Give the data again exactly, without images.
(Beginning of Given data)
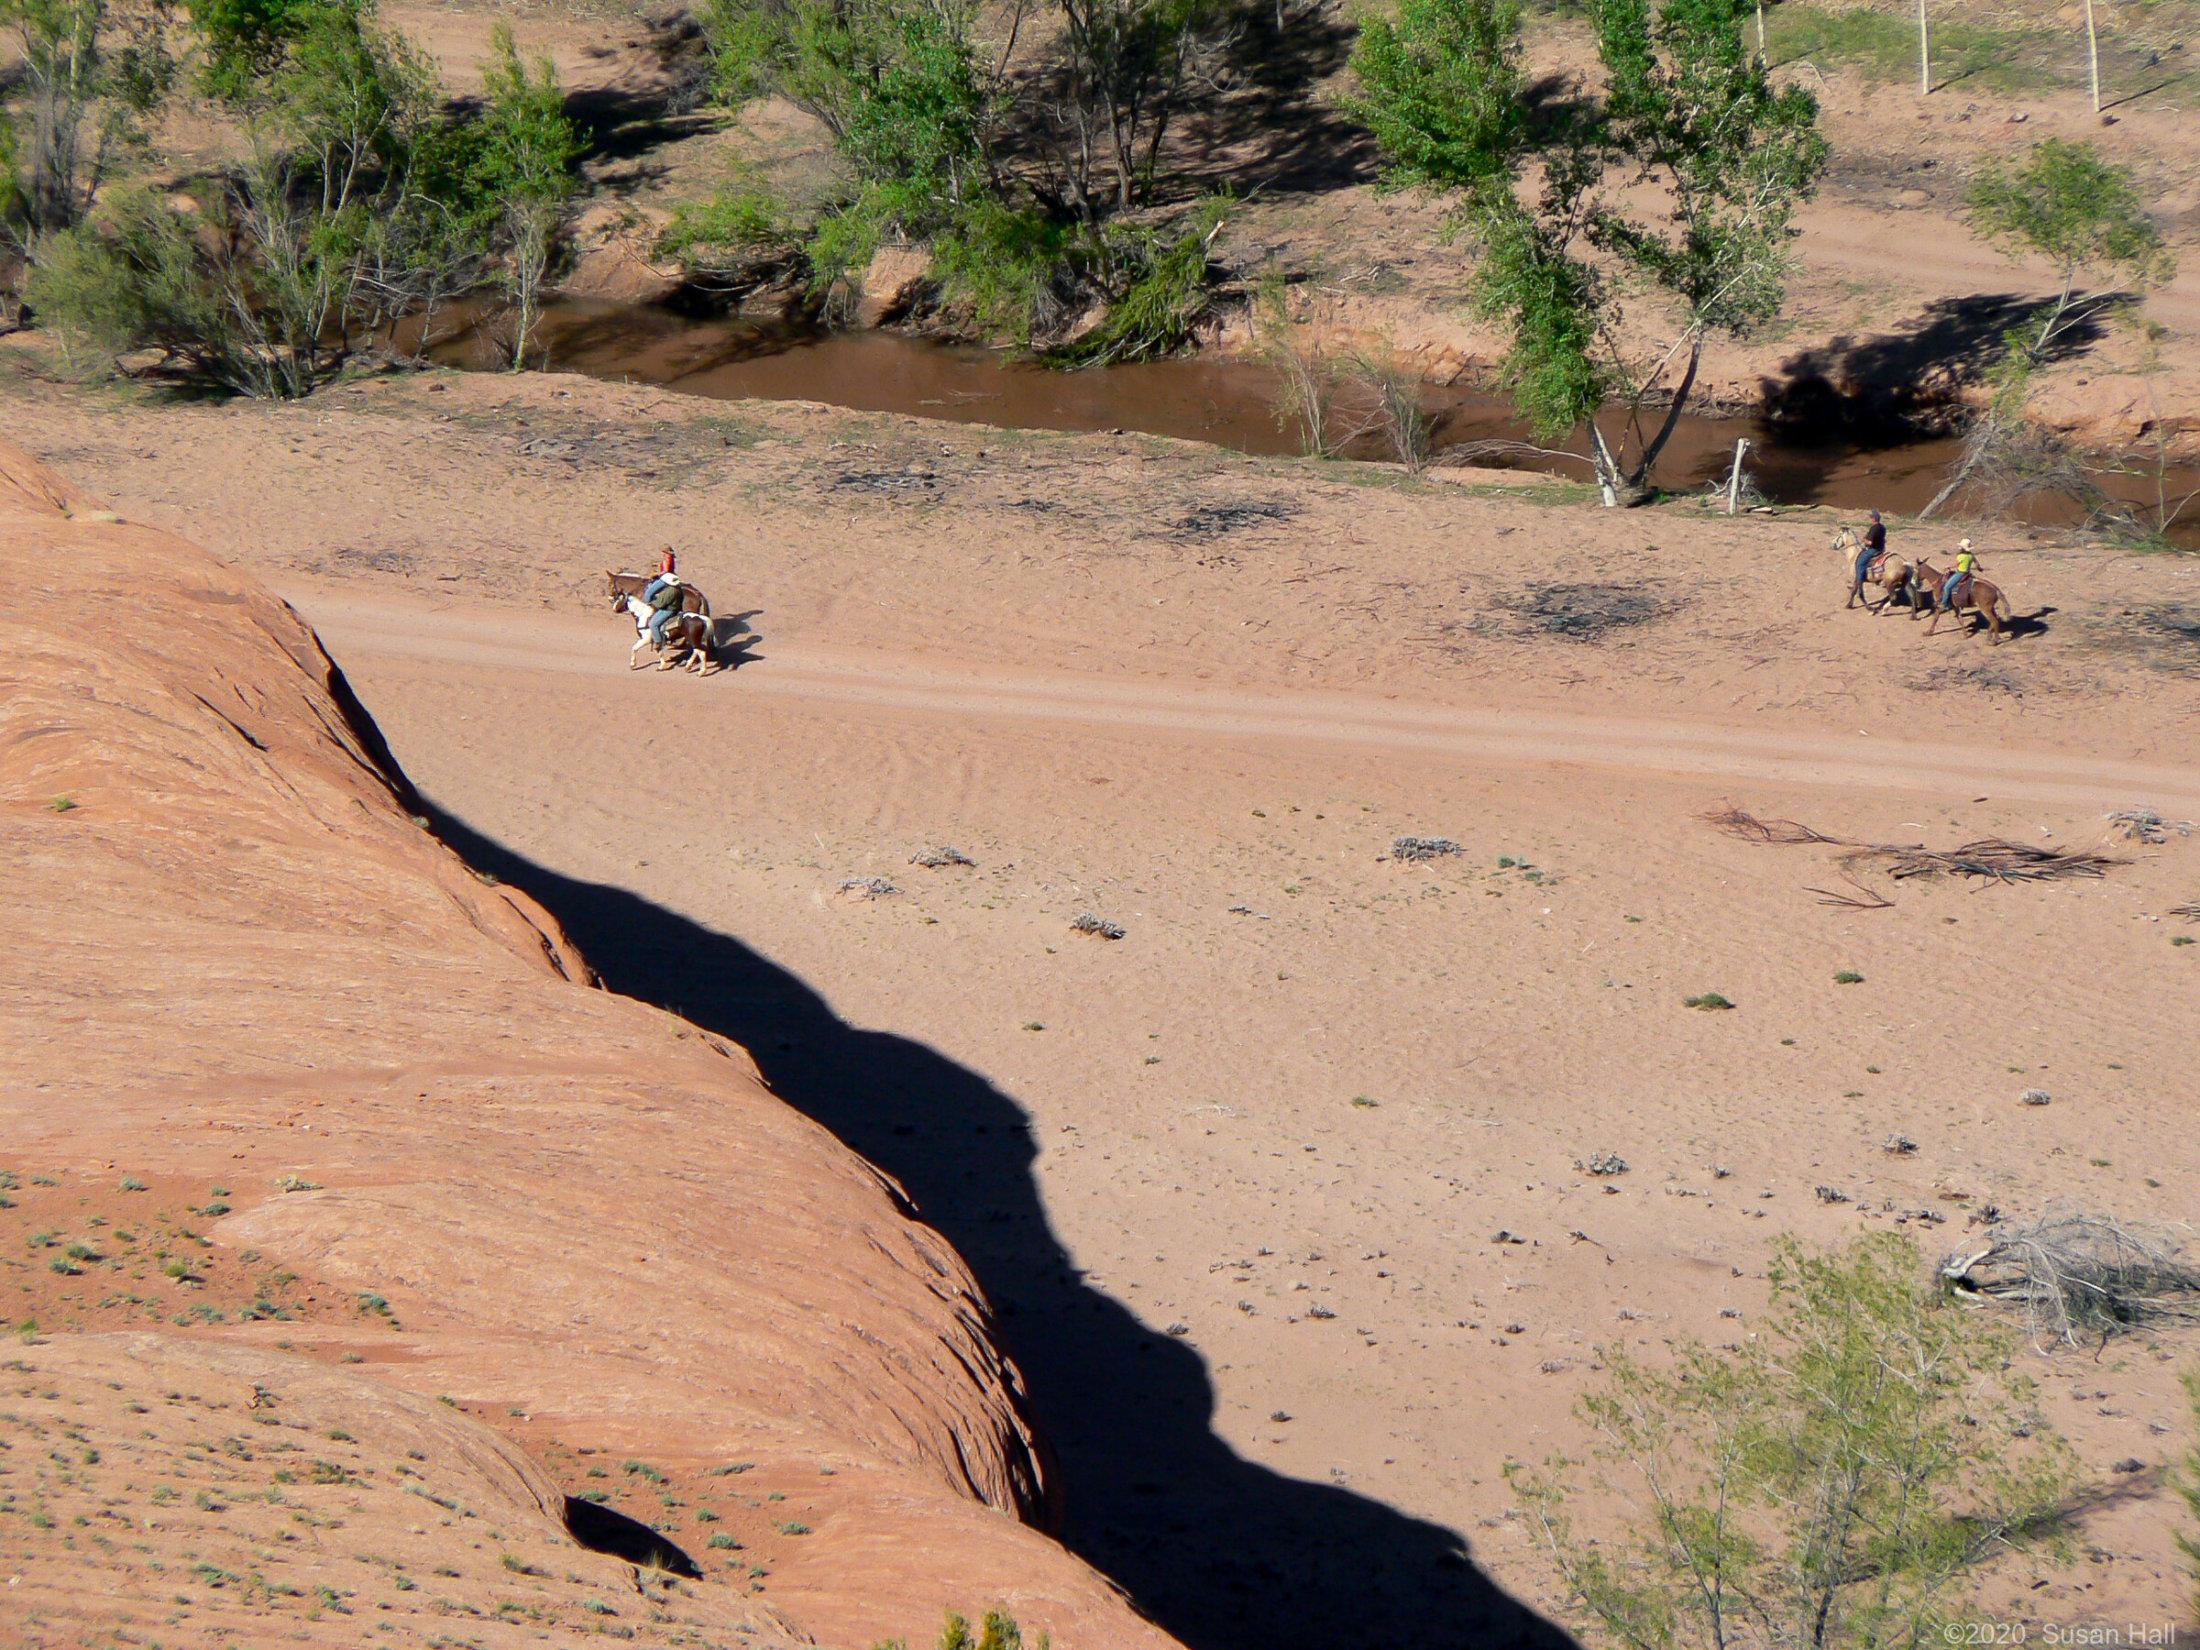 Horseback tour of the canyon
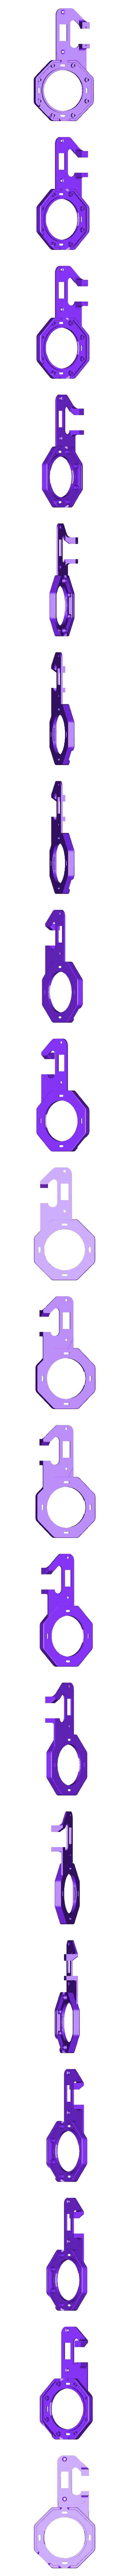 ble_switch_mount.stl Download free STL file Crickit Light Switch Servo Mount • Design to 3D print, Adafruit
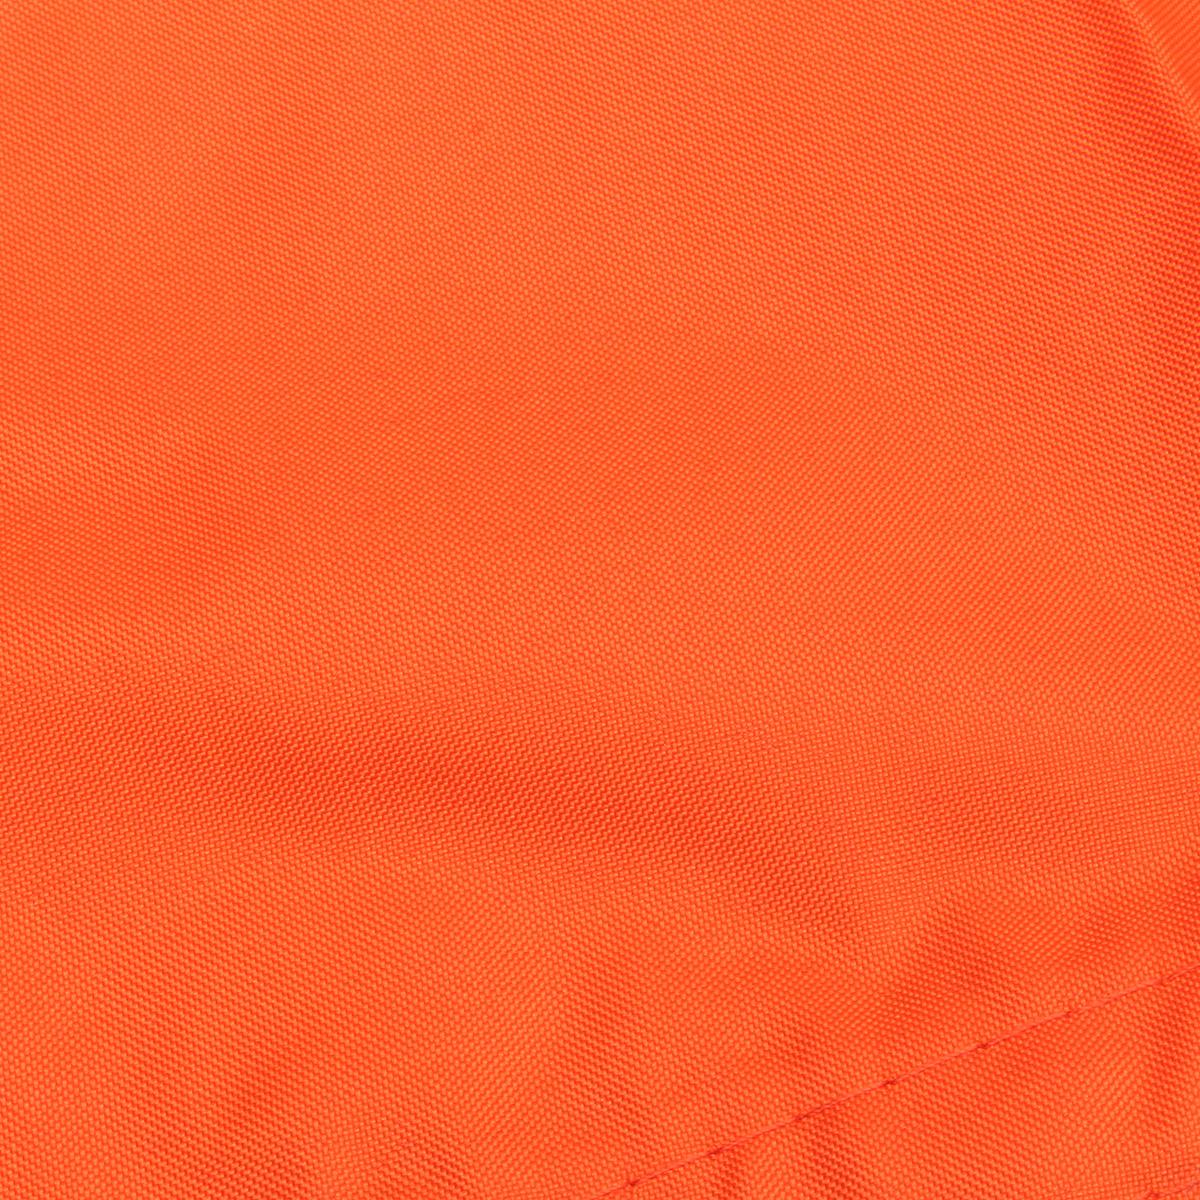 3x3x3m Triangular Shade Cloth Oxford Fabric Waterproof UV-Ray Proof Sunshade Canopy Outdoor Camping Garden Pool
(End of Given data)
Exercise response:
 Horseback tour of the canyon
 ble_switch_mount.stl Download free STL file Crickit Light Switch Servo Mount • Design to 3D print, Adafruit
 3x3x3m Triangular Shade Cloth Oxford Fabric Waterproof UV-Ray Proof Sunshade Canopy Outdoor Camping Garden Pool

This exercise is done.